Asking 2 other organizations that have players that compete competitivley, their response was, incredulously, that the ball could not be called out here, since a player can not see a space, and thus the player has "NO WAY" of knowing whether the ball is in our out.
Really???  I thought I'd test that theory out.  So at our next club meeting I set the ball up as per the photo.  All 12 recreational players present said the ball was clearly NOT touching the line.  All 12 were in fact correct, as per picture number 2, taken with the ball in the same spot, but from a different angle.  In fact, I had a tape measure with me, and the ball was between 2 3/8 and 2 1/2 inches off the line.  sorry, didn't take a picture of that.

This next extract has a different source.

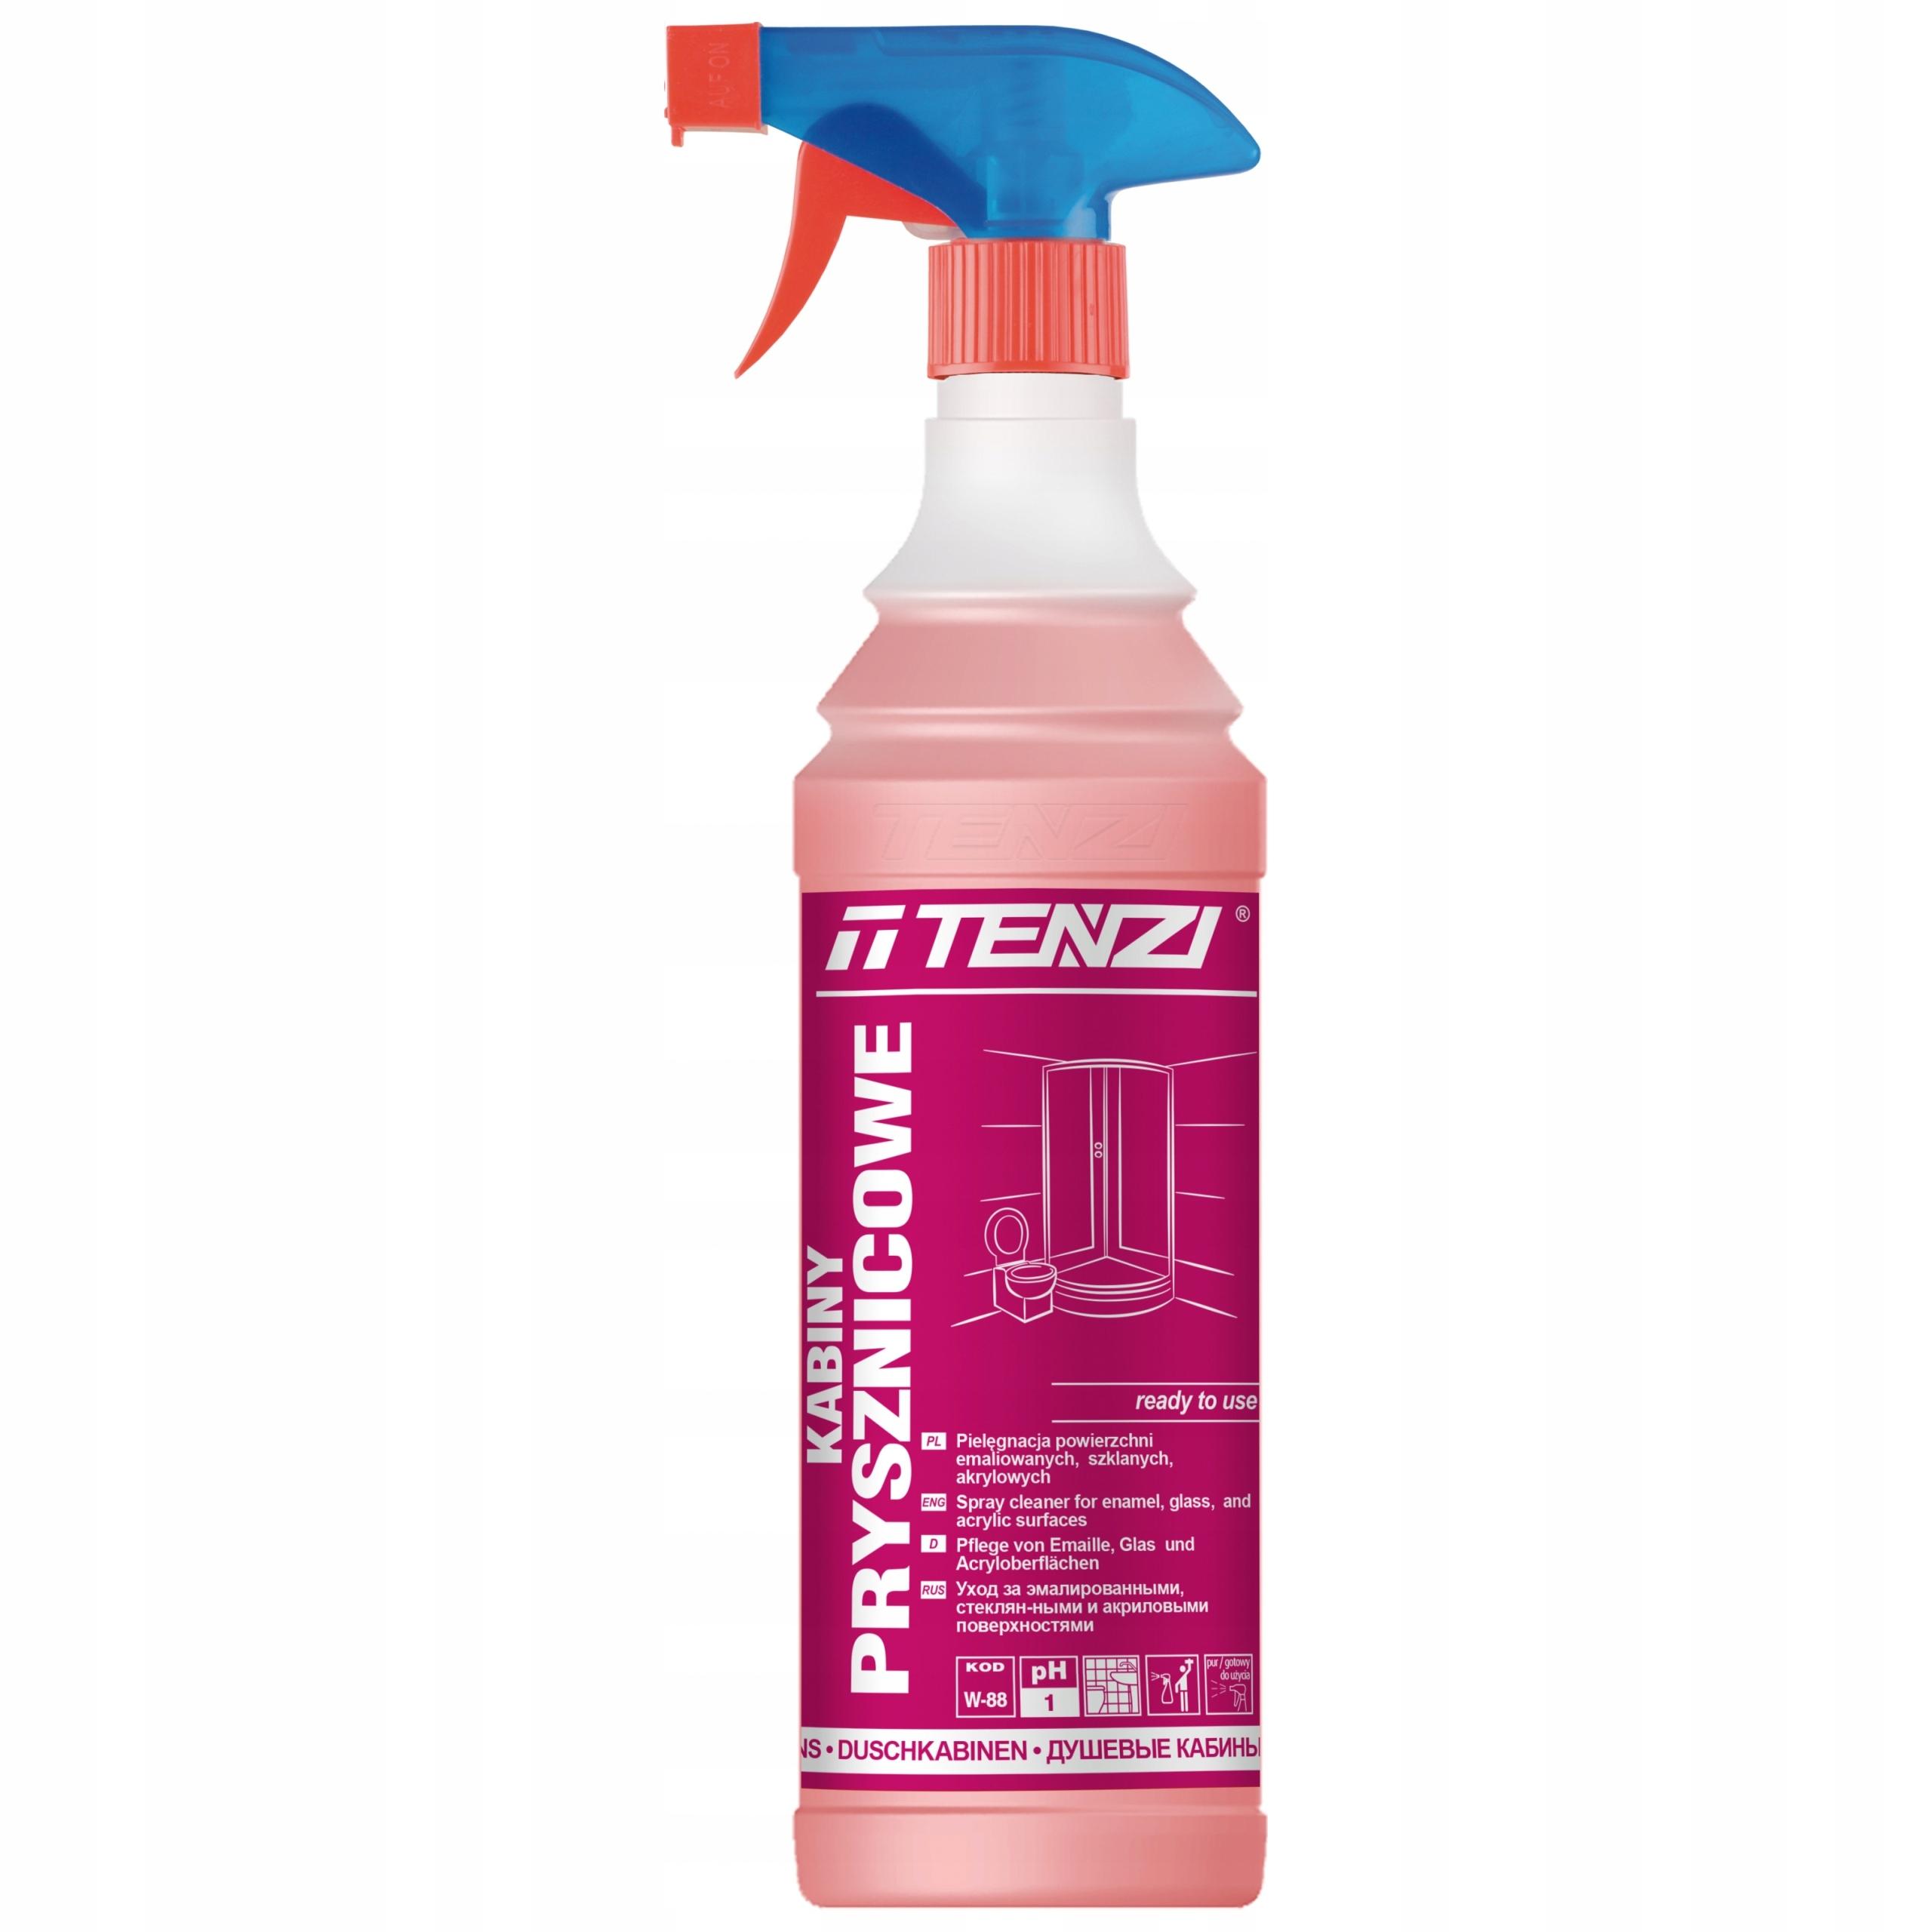 Кабины для душа Tenzi мытье очистки 600 мл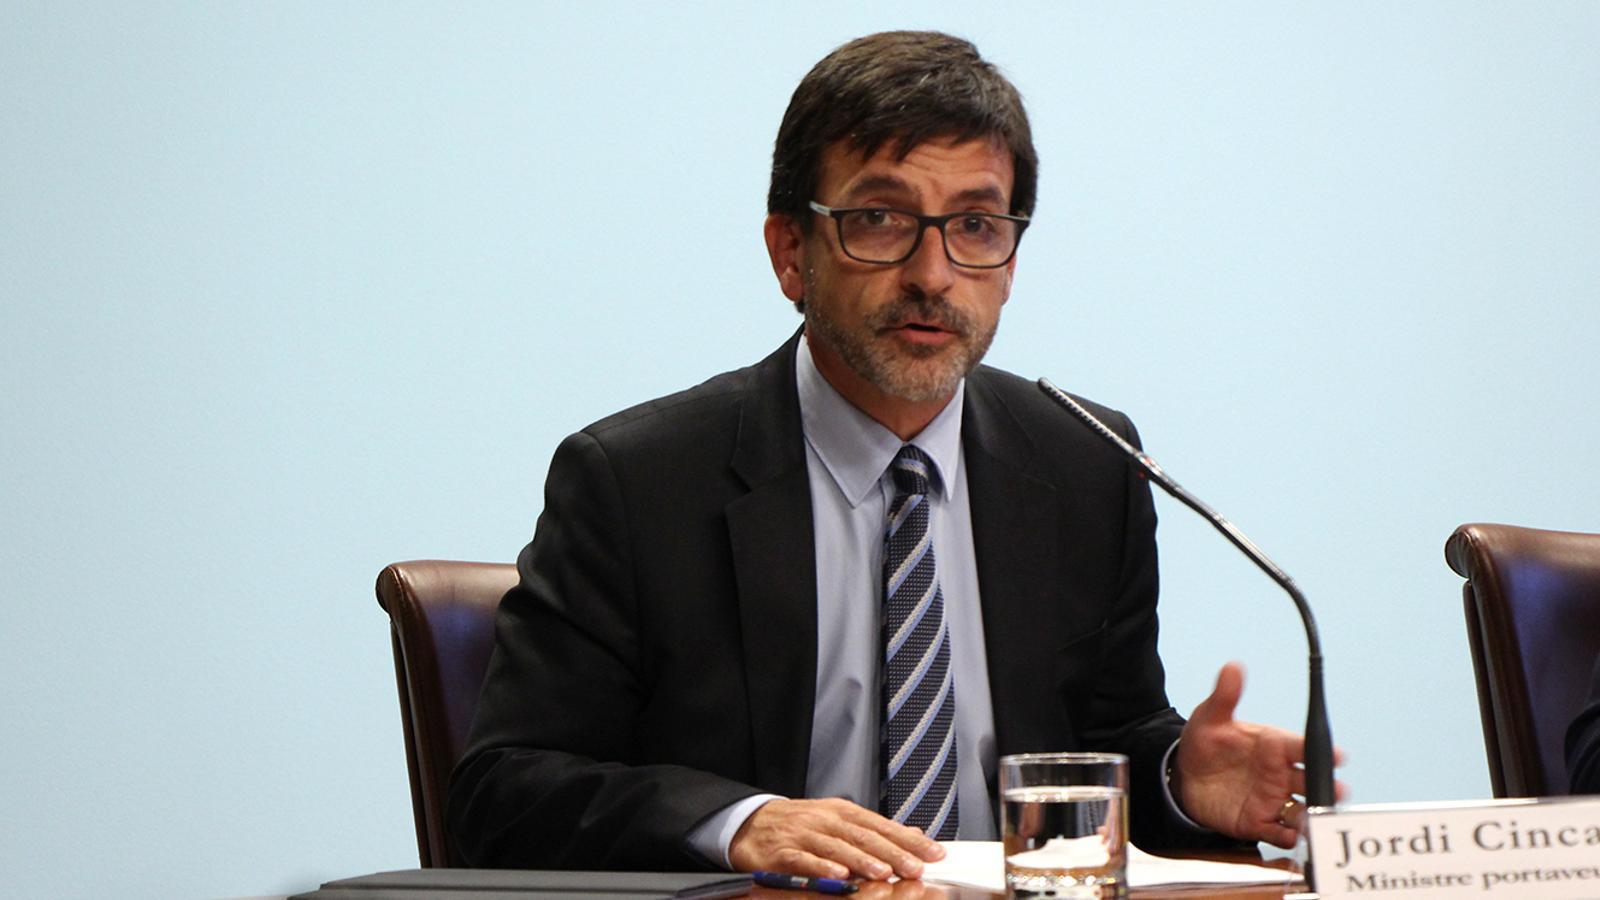 El ministre portaveu, Jordi Cinca, durant la roda de premsa posterior al consell de ministres. / M. M. (ANA)

So much for players having "NO WAY" of knowing whether the ball was in or out.  Bob, the diameter of the ball is about 3 inches, so the ball was off the line by nearly a full ball diameter, so one can easily tell in this case that the ball was not touching the line.  At least, all of us recreational players could tell.
Of note, tennis has the added difficulty that the ball compresses, depending on speed and ball pressure, so the changeable footprint must be considered.  Yet no such rule needs to be imposed on tennis players.
So maybe I should ask you, Bob, may the player call this "OUT".  I'm not talking a close shot here, where sharp eyes and careful observation is required, and always call in, if unsure.  I talking a slow enough ball, and far enough away from the line (2 3/8 to 2 1/2 inches) like shown in pictures 1 and 2.
If the rule is to stand as written, then Rule 6D7 should include 2 pictures very similar to these, so that players can understand that the rule includes the viewing angle where it is obvious the ball is not contacting the line.  And an explanation that despite this, the player is not permitted to call the ball out
If that would prove to be too controversial for the committee, perhaps 3 simple words would suffice, I have put them in capital letters below in the rule
Players shall not call a ball "out" unless they can clearly see THAT THERE IS a space between the line and the ball as it hits the ground
This way, a ball that is obviously not touching the line, can be called OUT by the player.
I write this because without a rule modification, the rules require players to keep playing when they know ball did not touch the line.  Clearly, we would all like to avoid that!!!  Again, I'm not refering to a situation close to the line, or a fast moving ball difficult to view.  I'm referring to a situation just like in the 2 pictures.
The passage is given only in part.